Here’s a graph of pain intensity over the 28-day experiment. Here’s how the drug worked: not much better than doing nothing. But, the cabbage worked better. Overall, the study “found that a 4-week application of cabbage leaves was more effective than usual care with respect to pain, functional disability, and quality of life. It was, however, not in the final analysis superior to a 4-week application of topical medication.” But, hey, cabbage leaves are safe, “can be used in the longer term.” So, why not give them a try?
It also wouldn’t hurt if you ate some as well, as cabbage may have internal anti-inflammatory potential as well. The anti-inflammatory effects may explain the health benefits of cabbage family vegetables. Not just potent anti-inflammatory effects in petri dishes, but in people. Ten days of broccoli consumption in smokers cut CRP levels 40%! Okay, but what about for arthritis?

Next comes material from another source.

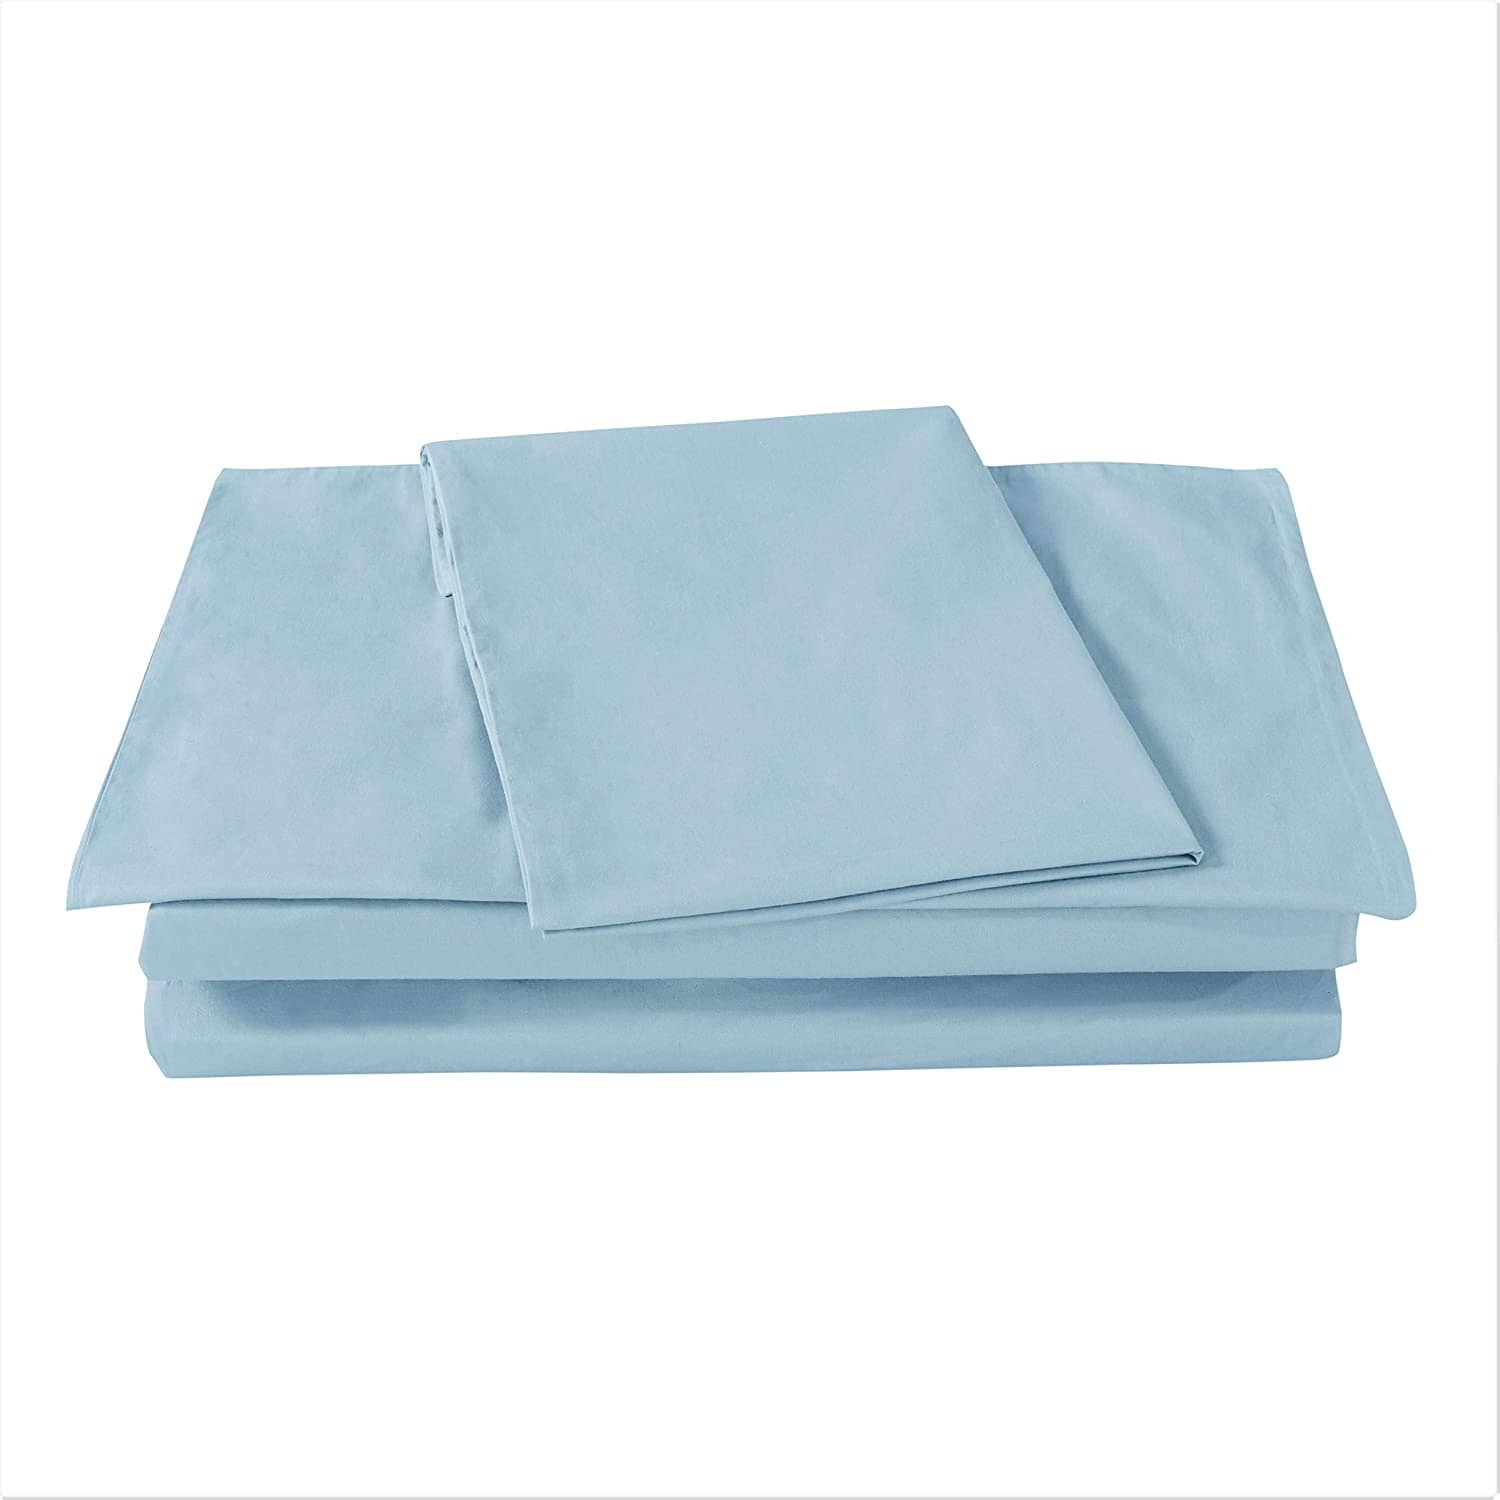 High quality Light sky Blue Cotton Fitted Sheet and Pillowcase Set for ultimate comfort. 100% premium cotton construction, available in twin, full, queen, king, and California king sizes

In vitro, sulforaphane, the magic cabbage chemical, “protects cartilage from destruction,” suggesting that a high-cabbage or broccoli family vegetable diet “may be a useful measure either to prevent or to slow the progression of osteoarthritis.” But, even if sulforaphane can protect cartilage cells in a petri dish, how do we even know the compound makes it into the joint when we eat it? I mean, no one’s ever done a study where you like have people eat broccoli, and then stick a needle in their knee joint to check. No one, that is… until now.
And, sulforaphane was indeed detected in the synovial fluid of 40 patients with osteoarthritis “following broccoli consumption,” followed by significant epigenetic changes of gene expression within the joint. The next step is to see if it can actually improve the disease.